(Source data)
========
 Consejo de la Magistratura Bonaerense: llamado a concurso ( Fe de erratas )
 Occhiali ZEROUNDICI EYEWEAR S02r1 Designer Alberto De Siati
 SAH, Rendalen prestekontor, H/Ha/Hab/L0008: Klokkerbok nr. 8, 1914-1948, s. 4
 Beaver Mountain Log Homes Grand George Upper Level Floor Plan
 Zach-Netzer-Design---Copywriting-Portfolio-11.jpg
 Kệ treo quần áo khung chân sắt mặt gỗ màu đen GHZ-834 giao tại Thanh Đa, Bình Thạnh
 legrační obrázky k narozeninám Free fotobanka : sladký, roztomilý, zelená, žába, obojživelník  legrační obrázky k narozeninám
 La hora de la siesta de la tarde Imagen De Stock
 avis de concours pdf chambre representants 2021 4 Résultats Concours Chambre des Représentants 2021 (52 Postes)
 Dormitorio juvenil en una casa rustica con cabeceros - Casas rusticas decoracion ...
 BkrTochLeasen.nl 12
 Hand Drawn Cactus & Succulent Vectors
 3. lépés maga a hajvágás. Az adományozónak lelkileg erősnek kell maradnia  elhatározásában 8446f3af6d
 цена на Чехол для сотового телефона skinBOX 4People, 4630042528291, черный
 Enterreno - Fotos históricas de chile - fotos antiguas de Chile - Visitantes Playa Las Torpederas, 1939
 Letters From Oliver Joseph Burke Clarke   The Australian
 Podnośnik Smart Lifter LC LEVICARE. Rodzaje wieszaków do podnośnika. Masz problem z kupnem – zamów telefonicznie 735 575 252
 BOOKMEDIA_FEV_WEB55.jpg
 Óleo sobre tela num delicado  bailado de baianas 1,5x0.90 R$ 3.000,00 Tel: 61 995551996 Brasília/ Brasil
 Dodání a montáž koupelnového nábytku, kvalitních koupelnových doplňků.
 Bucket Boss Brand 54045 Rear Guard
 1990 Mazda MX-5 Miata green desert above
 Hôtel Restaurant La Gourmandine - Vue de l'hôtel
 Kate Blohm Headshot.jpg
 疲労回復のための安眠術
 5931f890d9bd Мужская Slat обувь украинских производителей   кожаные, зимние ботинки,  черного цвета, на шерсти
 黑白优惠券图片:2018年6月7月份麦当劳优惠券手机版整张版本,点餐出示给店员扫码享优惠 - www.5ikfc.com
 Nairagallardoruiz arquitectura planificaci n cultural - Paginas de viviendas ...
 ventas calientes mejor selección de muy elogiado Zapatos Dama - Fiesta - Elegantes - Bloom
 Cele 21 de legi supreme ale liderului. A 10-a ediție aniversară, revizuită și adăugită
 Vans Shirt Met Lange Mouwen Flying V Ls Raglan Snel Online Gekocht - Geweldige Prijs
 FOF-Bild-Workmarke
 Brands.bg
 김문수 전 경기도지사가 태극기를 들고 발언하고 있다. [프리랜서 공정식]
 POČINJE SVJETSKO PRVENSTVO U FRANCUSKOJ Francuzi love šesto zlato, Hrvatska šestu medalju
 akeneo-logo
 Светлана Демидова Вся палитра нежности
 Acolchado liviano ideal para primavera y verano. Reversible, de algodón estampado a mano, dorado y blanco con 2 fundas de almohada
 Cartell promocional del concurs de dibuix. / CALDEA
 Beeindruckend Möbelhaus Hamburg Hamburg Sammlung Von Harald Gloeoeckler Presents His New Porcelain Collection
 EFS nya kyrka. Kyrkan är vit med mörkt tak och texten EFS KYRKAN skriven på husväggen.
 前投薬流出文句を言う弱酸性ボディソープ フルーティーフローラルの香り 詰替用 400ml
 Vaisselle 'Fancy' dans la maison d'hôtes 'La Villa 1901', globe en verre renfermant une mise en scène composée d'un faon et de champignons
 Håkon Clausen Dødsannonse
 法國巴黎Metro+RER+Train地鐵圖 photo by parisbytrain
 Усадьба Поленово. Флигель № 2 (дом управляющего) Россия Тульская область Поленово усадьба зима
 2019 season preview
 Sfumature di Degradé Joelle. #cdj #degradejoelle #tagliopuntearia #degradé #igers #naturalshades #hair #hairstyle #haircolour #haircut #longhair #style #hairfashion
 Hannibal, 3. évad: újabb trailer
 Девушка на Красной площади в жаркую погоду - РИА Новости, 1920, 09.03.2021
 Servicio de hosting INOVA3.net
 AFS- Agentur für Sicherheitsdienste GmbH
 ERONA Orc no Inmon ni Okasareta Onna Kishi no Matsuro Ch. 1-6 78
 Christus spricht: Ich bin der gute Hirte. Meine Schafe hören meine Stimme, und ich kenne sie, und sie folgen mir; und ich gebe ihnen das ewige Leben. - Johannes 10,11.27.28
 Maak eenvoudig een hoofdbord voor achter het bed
========
Word for word, restate all of the entries.

#### Result below:
 Consejo de la Magistratura Bonaerense: llamado a concurso ( Fe de erratas )
 Occhiali ZEROUNDICI EYEWEAR S02r1 Designer Alberto De Siati
 SAH, Rendalen prestekontor, H/Ha/Hab/L0008: Klokkerbok nr. 8, 1914-1948, s. 4
 Beaver Mountain Log Homes Grand George Upper Level Floor Plan
 Zach-Netzer-Design---Copywriting-Portfolio-11.jpg
 Kệ treo quần áo khung chân sắt mặt gỗ màu đen GHZ-834 giao tại Thanh Đa, Bình Thạnh
 legrační obrázky k narozeninám Free fotobanka : sladký, roztomilý, zelená, žába, obojživelník  legrační obrázky k narozeninám
 La hora de la siesta de la tarde Imagen De Stock
 avis de concours pdf chambre representants 2021 4 Résultats Concours Chambre des Représentants 2021 (52 Postes)
 Dormitorio juvenil en una casa rustica con cabeceros - Casas rusticas decoracion ...
 BkrTochLeasen.nl 12
 Hand Drawn Cactus & Succulent Vectors
 3. lépés maga a hajvágás. Az adományozónak lelkileg erősnek kell maradnia  elhatározásában 8446f3af6d
 цена на Чехол для сотового телефона skinBOX 4People, 4630042528291, черный
 Enterreno - Fotos históricas de chile - fotos antiguas de Chile - Visitantes Playa Las Torpederas, 1939
 Letters From Oliver Joseph Burke Clarke   The Australian
 Podnośnik Smart Lifter LC LEVICARE. Rodzaje wieszaków do podnośnika. Masz problem z kupnem – zamów telefonicznie 735 575 252
 BOOKMEDIA_FEV_WEB55.jpg
 Óleo sobre tela num delicado  bailado de baianas 1,5x0.90 R$ 3.000,00 Tel: 61 995551996 Brasília/ Brasil
 Dodání a montáž koupelnového nábytku, kvalitních koupelnových doplňků.
 Bucket Boss Brand 54045 Rear Guard
 1990 Mazda MX-5 Miata green desert above
 Hôtel Restaurant La Gourmandine - Vue de l'hôtel
 Kate Blohm Headshot.jpg
 疲労回復のための安眠術
 5931f890d9bd Мужская Slat обувь украинских производителей   кожаные, зимние ботинки,  черного цвета, на шерсти
 黑白优惠券图片:2018年6月7月份麦当劳优惠券手机版整张版本,点餐出示给店员扫码享优惠 - www.5ikfc.com
 Nairagallardoruiz arquitectura planificaci n cultural - Paginas de viviendas ...
 ventas calientes mejor selección de muy elogiado Zapatos Dama - Fiesta - Elegantes - Bloom
 Cele 21 de legi supreme ale liderului. A 10-a ediție aniversară, revizuită și adăugită
 Vans Shirt Met Lange Mouwen Flying V Ls Raglan Snel Online Gekocht - Geweldige Prijs
 FOF-Bild-Workmarke
 Brands.bg
 김문수 전 경기도지사가 태극기를 들고 발언하고 있다. [프리랜서 공정식]
 POČINJE SVJETSKO PRVENSTVO U FRANCUSKOJ Francuzi love šesto zlato, Hrvatska šestu medalju
 akeneo-logo
 Светлана Демидова Вся палитра нежности
 Acolchado liviano ideal para primavera y verano. Reversible, de algodón estampado a mano, dorado y blanco con 2 fundas de almohada
 Cartell promocional del concurs de dibuix. / CALDEA
 Beeindruckend Möbelhaus Hamburg Hamburg Sammlung Von Harald Gloeoeckler Presents His New Porcelain Collection
 EFS nya kyrka. Kyrkan är vit med mörkt tak och texten EFS KYRKAN skriven på husväggen.
 前投薬流出文句を言う弱酸性ボディソープ フルーティーフローラルの香り 詰替用 400ml
 Vaisselle 'Fancy' dans la maison d'hôtes 'La Villa 1901', globe en verre renfermant une mise en scène composée d'un faon et de champignons
 Håkon Clausen Dødsannonse
 法國巴黎Metro+RER+Train地鐵圖 photo by parisbytrain
 Усадьба Поленово. Флигель № 2 (дом управляющего) Россия Тульская область Поленово усадьба зима
 2019 season preview
 Sfumature di Degradé Joelle. #cdj #degradejoelle #tagliopuntearia #degradé #igers #naturalshades #hair #hairstyle #haircolour #haircut #longhair #style #hairfashion
 Hannibal, 3. évad: újabb trailer
 Девушка на Красной площади в жаркую погоду - РИА Новости, 1920, 09.03.2021
 Servicio de hosting INOVA3.net
 AFS- Agentur für Sicherheitsdienste GmbH
 ERONA Orc no Inmon ni Okasareta Onna Kishi no Matsuro Ch. 1-6 78
 Christus spricht: Ich bin der gute Hirte. Meine Schafe hören meine Stimme, und ich kenne sie, und sie folgen mir; und ich gebe ihnen das ewige Leben. - Johannes 10,11.27.28
 Maak eenvoudig een hoofdbord voor achter het bed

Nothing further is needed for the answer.